Integration of Physical Features and Machine Learning: CSF-RF Framework for Optimizing Ground Point Filtering in Vegetated Regions
Sisi Zhang, Chenyao Qu, Zhimin Wu, Wei Wang

TL;DR
A new algorithm called CSF-RF improves ground point filtering in vegetated areas by combining physical simulation and machine learning, leading to more accurate elevation models.
Contribution
The novel CSF-RF framework integrates physical features and machine learning to enhance ground point filtering accuracy in complex vegetated terrains.
Findings
The CSF-RF algorithm reduces total error to 0.03% with both type I and type II errors below 0.05%.
In dense vegetation areas, CSF-RF achieves a 79.6% reduction in total error compared to the CSF algorithm.

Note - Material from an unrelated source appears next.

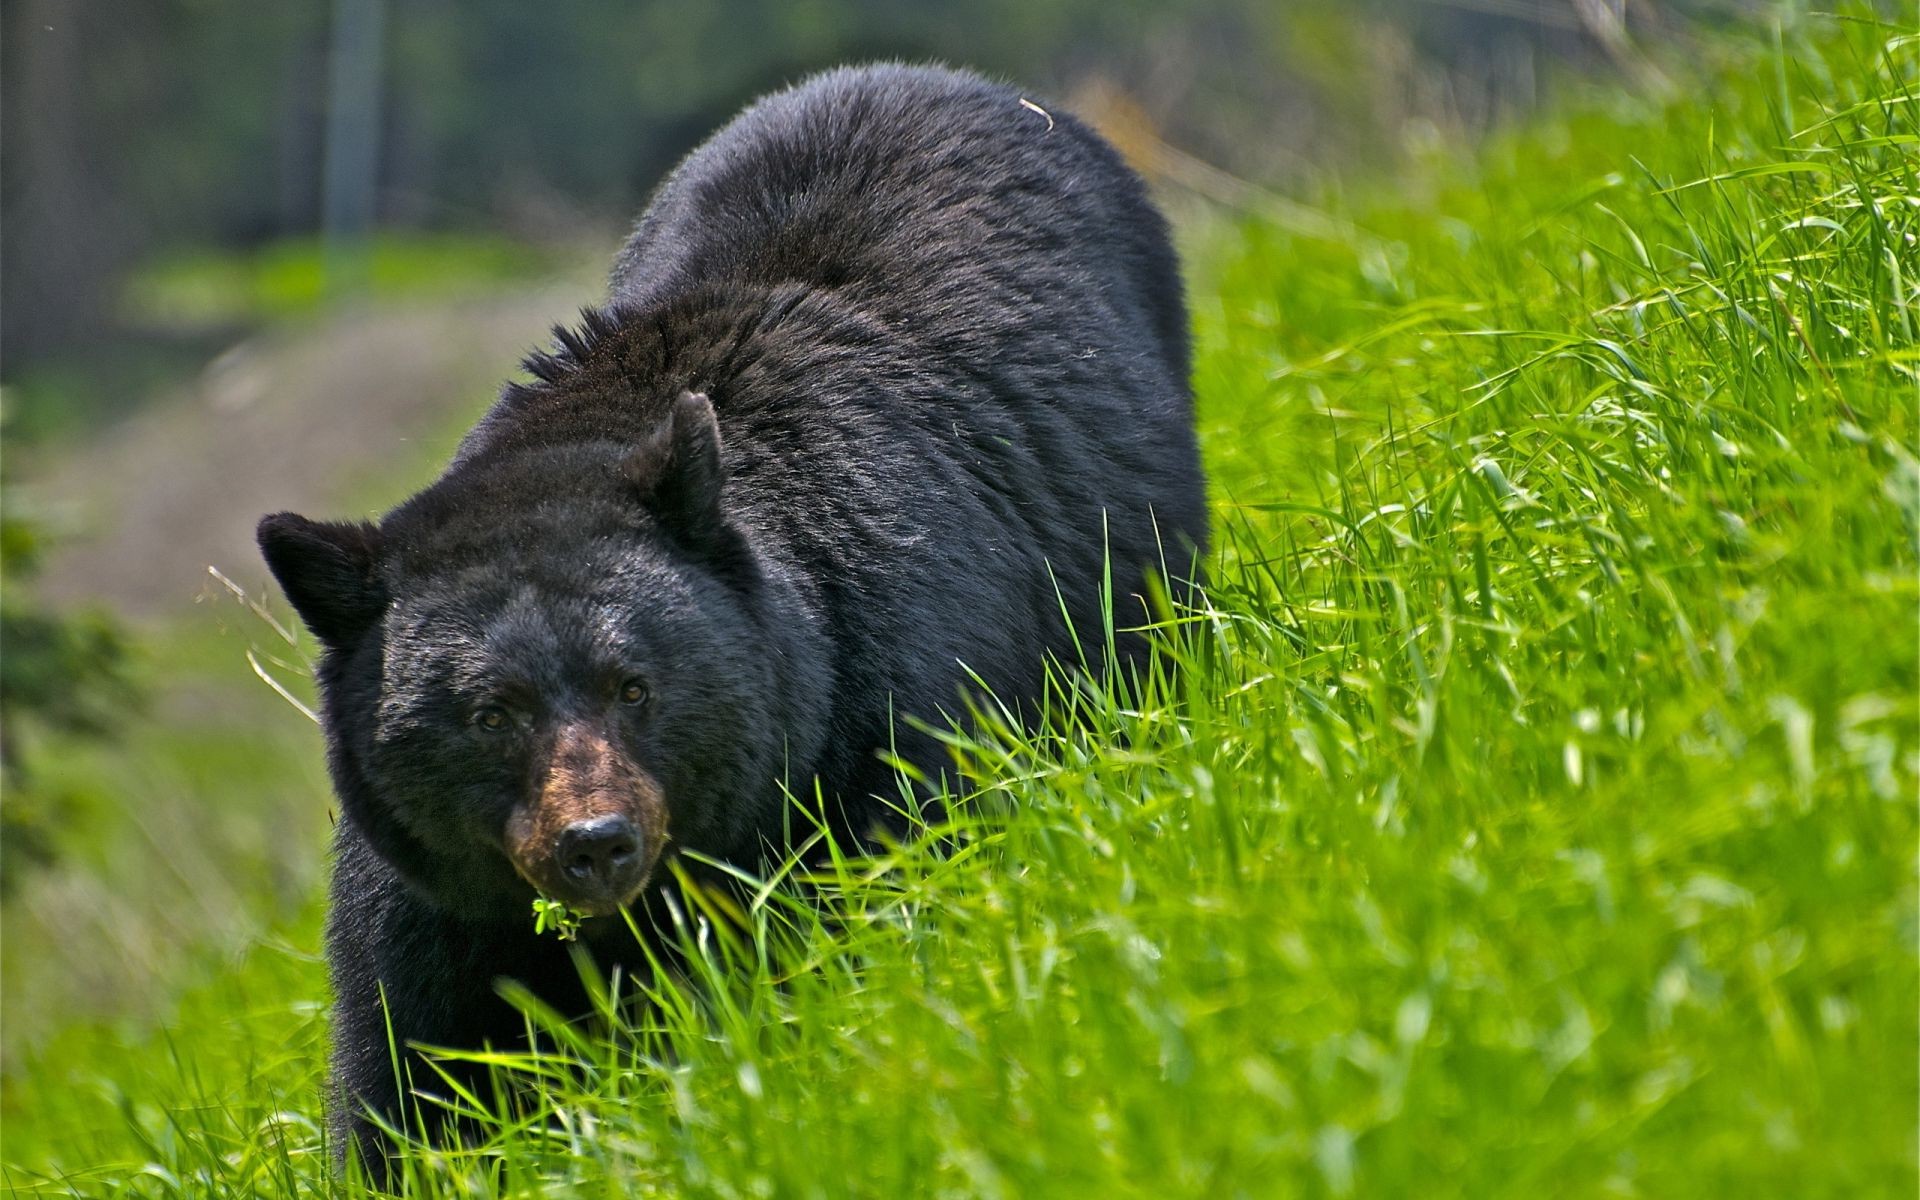 bears grass mammal nature wildlife outdoors fur

The algorithm effectively reduces vegetation interference and improves DEM accuracy in complex terrain.
Abstract
Complex terrain conditions and dense vegetation cover in a vegetation area present significant challenges for point cloud data processing and the accurate extraction of ground points. This work integrates the physical characteristics between ground and non-ground points from the traditional Cloth Simulation Filter (CSF) algorithm and the strong learning capability of the machine learning Random Forest (RF) framework, developing the CSF-RF fusion algorithm for filtering ground points in vegetated areas, which can improve the accuracy of point cloud filtering in complex terrain environments. Both type I and type II errors do not exceed 0.05%, and the total error is maintained within 0.03%. Particularly in areas with dense vegetation and severe terrain undulations, the advantages are evident: the CSF-RF algorithm achieves a total error of only 0.19%, representing a 79.6% relative reduction…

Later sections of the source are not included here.